While appellant’s argument about the parties’ understanding could not be dismissed summarily simply because the term “adjusted gross income” has a definition under the Internal Revenue Code, we find no need to elaborate on the parties’ intent since they were themselves careful to define the meaning of “adjusted gross income” in their agreement.4 That definition did not contemplate the specific exemption (26 U.S.C. § 911) upon which Dr. Luchsinger seeks to rely. Rather, it was agreed that Dr. Luchsinger was to report to his ex-wife all of his income, including foreign income, less the deductions allowed on the Form 1040, so that escalation of support payments could be calculated. The obvious purpose of Paragraph 4 was to provide the wife with 10% of the increment of income Dr. Luchsinger would enjoy as he matured in his profession, less the reasonable expenses incurred in building his business. To allow the foreign income exemption to undercut the base income figure from which escalation is derived would defeat the clear terms of what was very much a bargained for provision.
We affirm the trial court’s disposition of appellant’s motion to hold her husband in contempt and the conclusion that under the circumstances of this case the meaning of Paragraph 4A of the property settlement agreement was in issue. We disagree with the holding that despite the parties’ definition in the agreement of the term “adjusted gross income” as “income from all sources, American and foreign, whether earned or unearned less [those] deductions . . . ”, appellee may exclude income received from sources outside the United States because for federal tax purposes such income is excluded from gross income. The unambiguous language of the agreement is to the contrary, and “[i]n the absence of ambiguity, a written contract duly signed and executed speaks for itself and is binding upon the parties thereto.” Gagnon v. Wright, D.C.App., 200 A.2d 196, 198 (1964). See also Minmar Builders, Inc. v. Beltway Excavators, Inc., D.C.App., 246 A.2d 784, 786 (1968); E. P. Hinkel & Co., Inc. v. Manhattan Co., 165 U.S.App.D.C. 140, 143, 506 F.2d 201, 204 (1974).
That part of the judgment on appeal which relates to the award under the escalation clause is reversed and the case is remanded for further proceedings in accordance with this opinion.

So ordered.

. By the time of the hearing the parties were also seeking income figures for 1974.

. 26 U.S.C. § 911 (1954), reads in pertinent part:
Earned income from sources without the United States
(c) Special rules. — For purposes of computing the amount excludable under subsection (a), the following rules shall apply:
(1) Limitations on amount of exclusion.— The amount excluded from the gross income of an individual under subsection (a) for any taxable year shall not exceed an amount which shall be computed on a daily basis at an annual rate of—
(A) except as provided in subparagraph (B), $20,000 in the case of an individual who qualifies under subsection (a), or
(B) $25,000 in the case of an individual who qualifies under subsection (a)(1), but only with respect to that portion of such taxable year occurring after such individual has been a bona fide resident of a foreign country or countries for an uninterrupted period of 3 consecutive years.

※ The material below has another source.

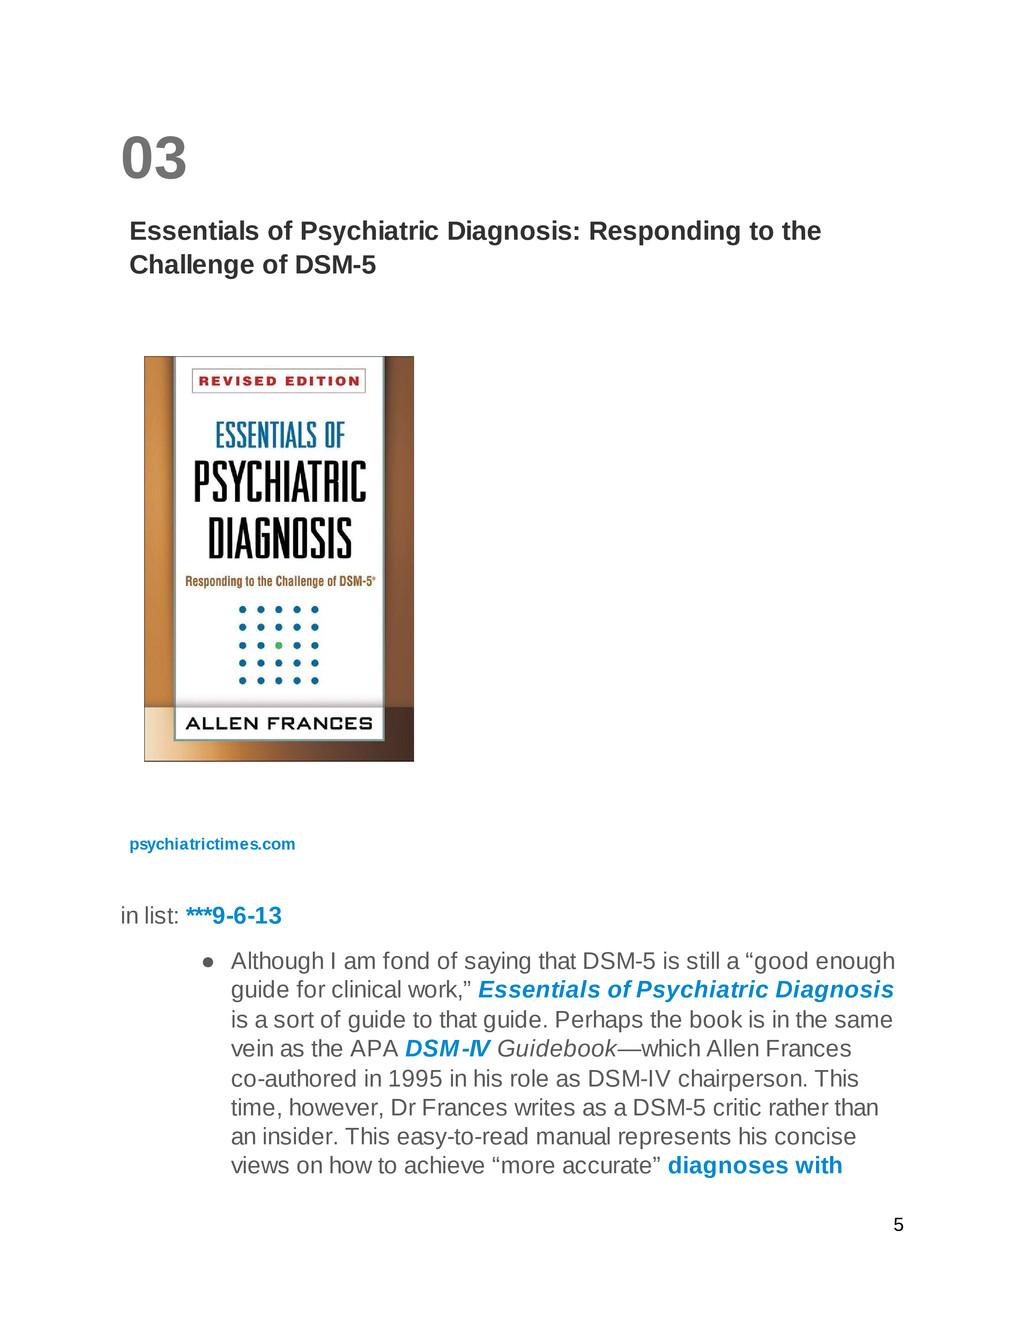 03 Essentials of Psychiatric Diagnosis: Respond...

. For example, under Dr. Luchsinger’s reading, if he earned $22,000 in the United States and $30,000 in Switzerland in one year, the amount due under the escalation clause would be 10% of $30,000 less the $20,000 exemption, or $1,000. Under Mrs. Luchsinger’s reading she would take 10% of all income over $22,000, or $3,000 in the example above.

. Paragraph 4A, provides in part:
(which shall mean income from all sources, American and foreign, whether earned or unearned less those deductions permissible on a U. S. Federal Income Tax Return to determine the adjusted gross income) .... (Emphasis supplied).